Home construction stocks and sector-related exchange traded funds bucked the trend on Thursday, gaining momentum as homebuilder sentiment returned to pre-coronavirus pandemic levels.
On Thursday, the iShares U.S. Home Construction ETF (NYSEArca: ITB) increased 1.5%, SPDR S&P Homebuilders ETF (NYSEArca: XHB) advanced 1.1%, and Invesco Dynamic Building & Construction ETF (NYSEArca: PKB) rose 0.8%.
According to the National Association of Home Builders/Wells Fargo Housing Market Index, Homebuilder sentiment surged 14 points to 72 in July, compared to expectations of a 62 reading, CNBC reports. Anything above 50 reflects positive sentiment.
“Builders are seeing strong traffic and lots of interest in new construction as existing home inventory remains lean,” NAHB Chairman Chuck Fowke told CNBC. “Moreover, builders in the Northeast and the Midwest are benefiting from demand that was sidelined during lockdowns in the spring. Low interest rates are also fueling demand, and we expect housing to lead an overall economic recovery.”

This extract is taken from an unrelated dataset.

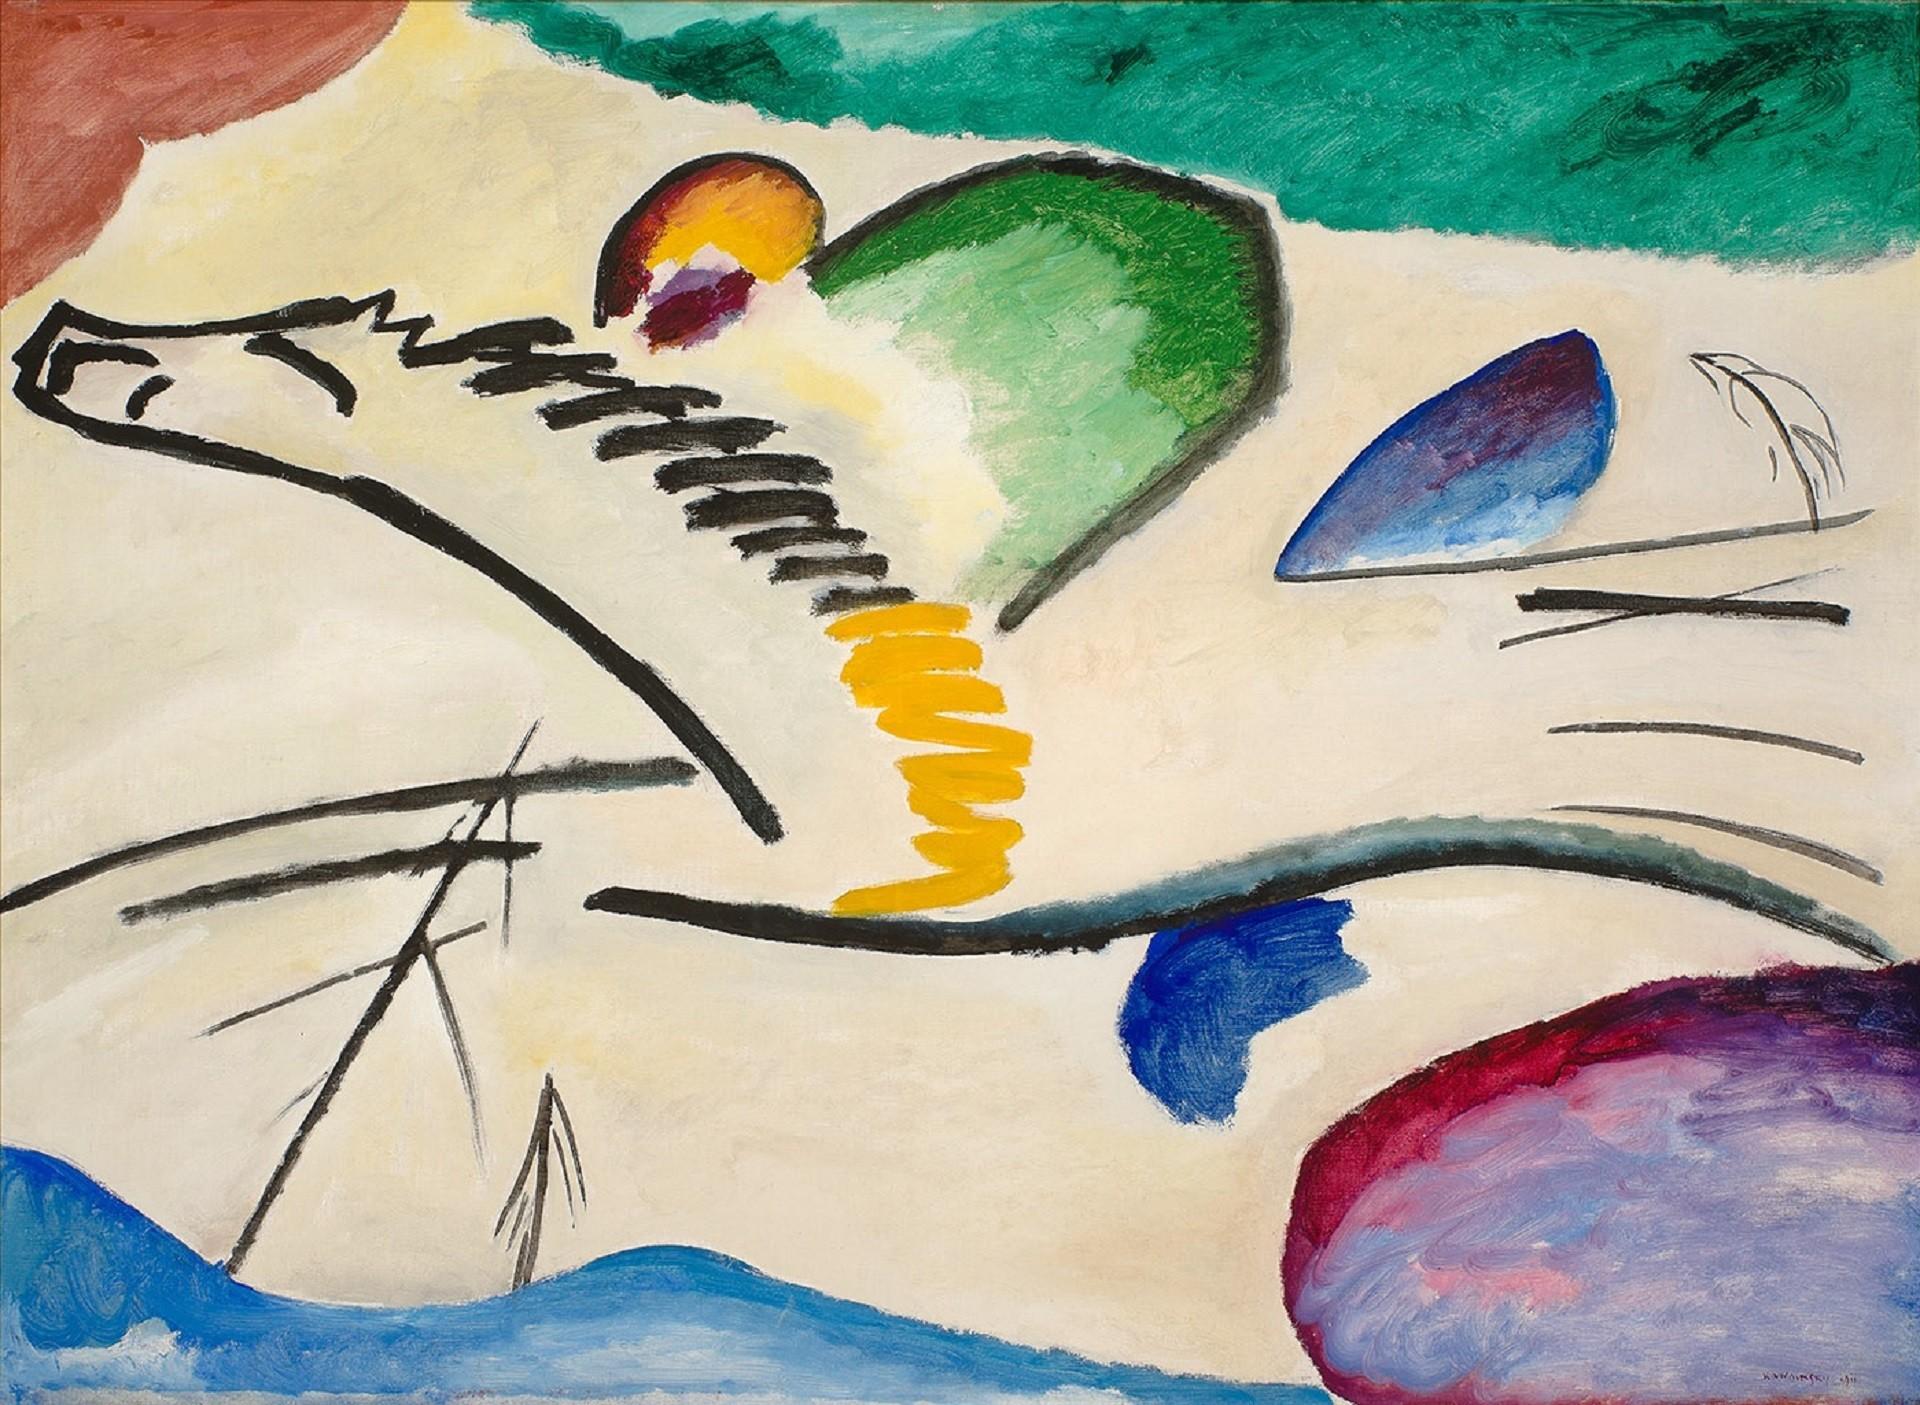 Wassily_Kandinsky,_1911,_Reiter_(Lyrishes),_oil_on_canvas,_94_x_130_cm,_Museum_Boijmans_Van_Beuningen

Mortgage rates have been dipping to record lows almost weekly and will likely remain depressed in the foreseeable future. Consequently, buyers have become more willing to take on mortgage loans to purchase new homes. Mortgage applications to purchase a new home jumped 50% in June year-over-year.

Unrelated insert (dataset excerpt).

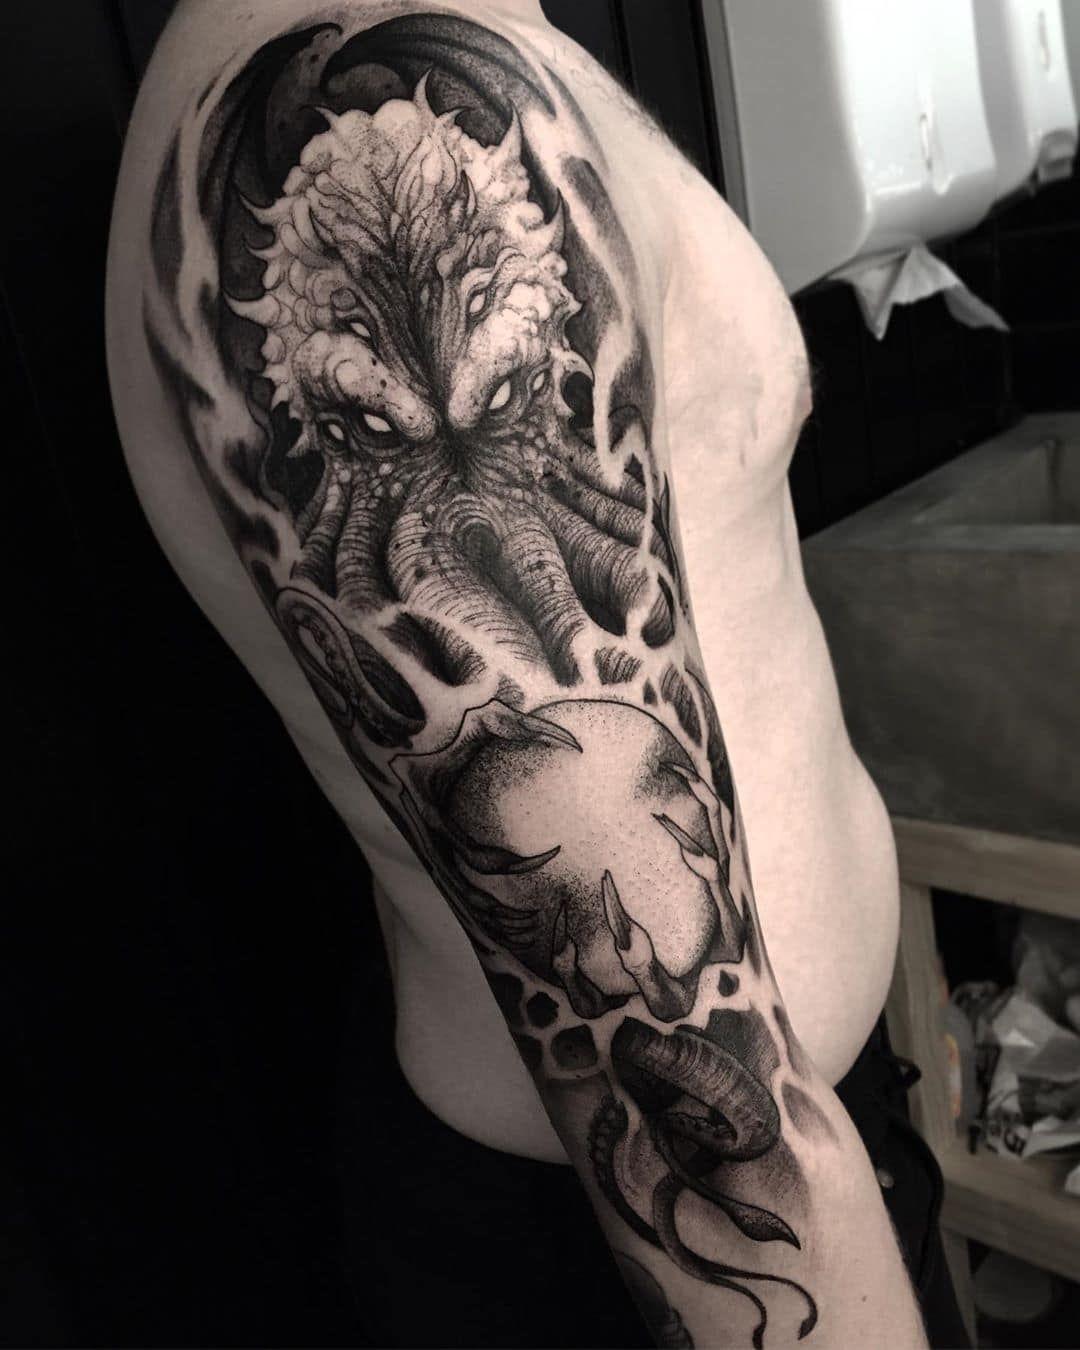 Cthulhu tattoo   Etsy

The recovery in home demand has caught many by surprise. Most builders have shut down or severely cut back on operations over March and April and are now struggling to keep up. Many stopped buying land and laid off their labor force while material makers did the same, which has caused a spike in lumber prices.
“Lumber prices are at a two-year high, and builders are reporting rising costs for other building materials while lot and skilled labor availability issues persist,” Robert Dietz, NAHB’s chief economist, told CNBC. “Nonetheless, the important story of the changing geography of housing demand is benefiting new construction. New home demand is improving in lower density markets, including small metro areas, rural markets, and large metro exurbs, as people seek out larger homes and anticipate more flexibility for telework in the years ahead. Flight to the suburbs is real.”